Pine Creek was named after the towering scattered pines which grew in abundance in that vicinity , some of which stand today, one being utilized by a farmer as a tower for his windmill, a little south of the Pine Creek church, the central building in Pine Creek village.
The Big and Little Tamarack creeks were named from the abundance of tamarack timber grown along their banks and in the bottom lands and adjoining. Al and Abe Holcomb, two early settlers, built a sawmill on the prairie near their homes to manufacture this timber into lumber for building and fence purposes. The old mill was doing business in 1870 and remained many years later to serve a very useful purpose, when its site and building were put to use as a grist mill by Squire A. Pickett, later purchased by John Bonum and Stephen Richmond, and Bonum's interest conveyed to Blackhawk Johnson, who in 1878 purchased the whole property and continued the milling business a number of years. The mill and power are in recent years nearly unknown.
Trempealeau River received its name from Trempealeau Mountain and Bay. It was called by the Winnebagoes Ne-chann-ne-shan-ah-ga, or over-flowing stream, and by the Sioux Wat-pah-dah, the moving stream.

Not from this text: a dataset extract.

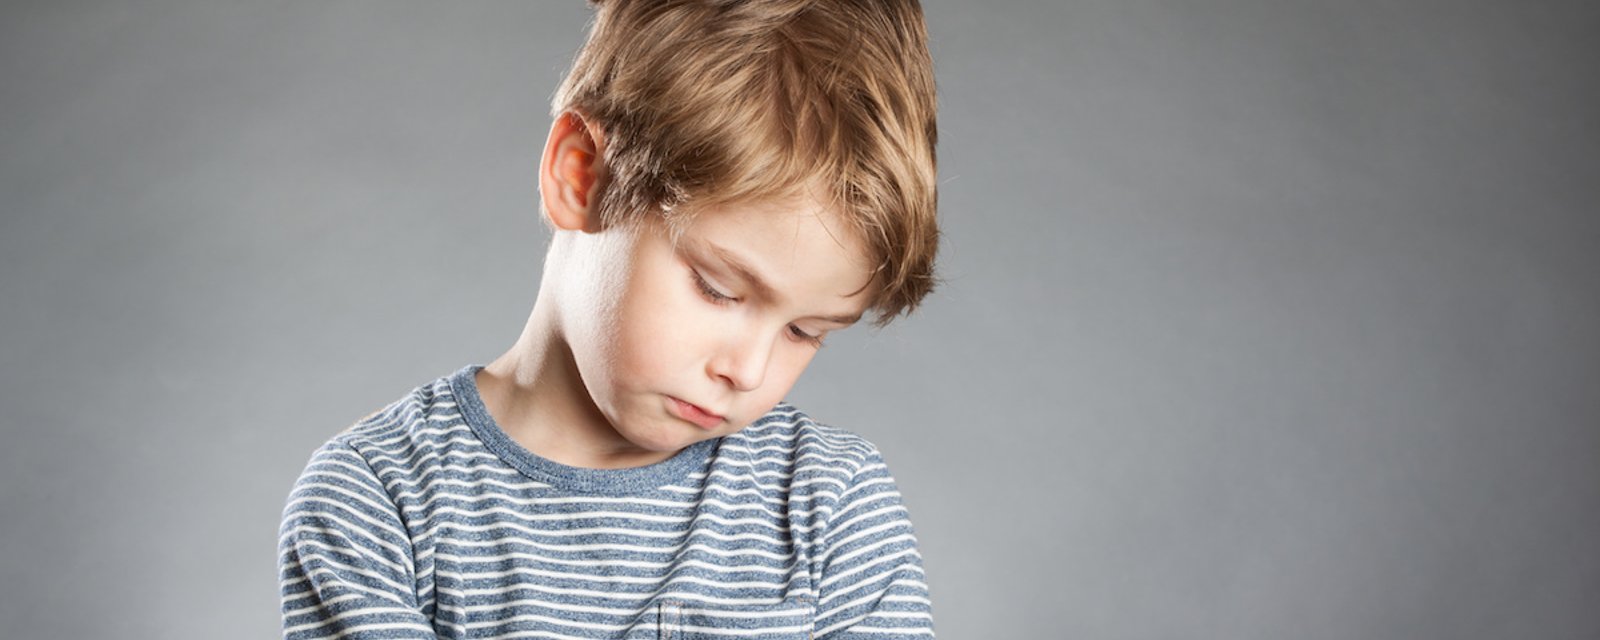 6 choses qui peuvent indiquer qu'un enfant souffre d'anxiété

Trout Creek or Trout River was named by Willard B. Bunnell. As the Sioux seldom fished, but confined their activities in this line to spearing large fish with a spear, the spring creeks were filled with trout of good size. In the early '40s Mr. Bunnell once caught six dozen trout in Trout Creek in a few hours. The larger trout were caught in the main stream, but they did most of their spawning in Little Trout Creek.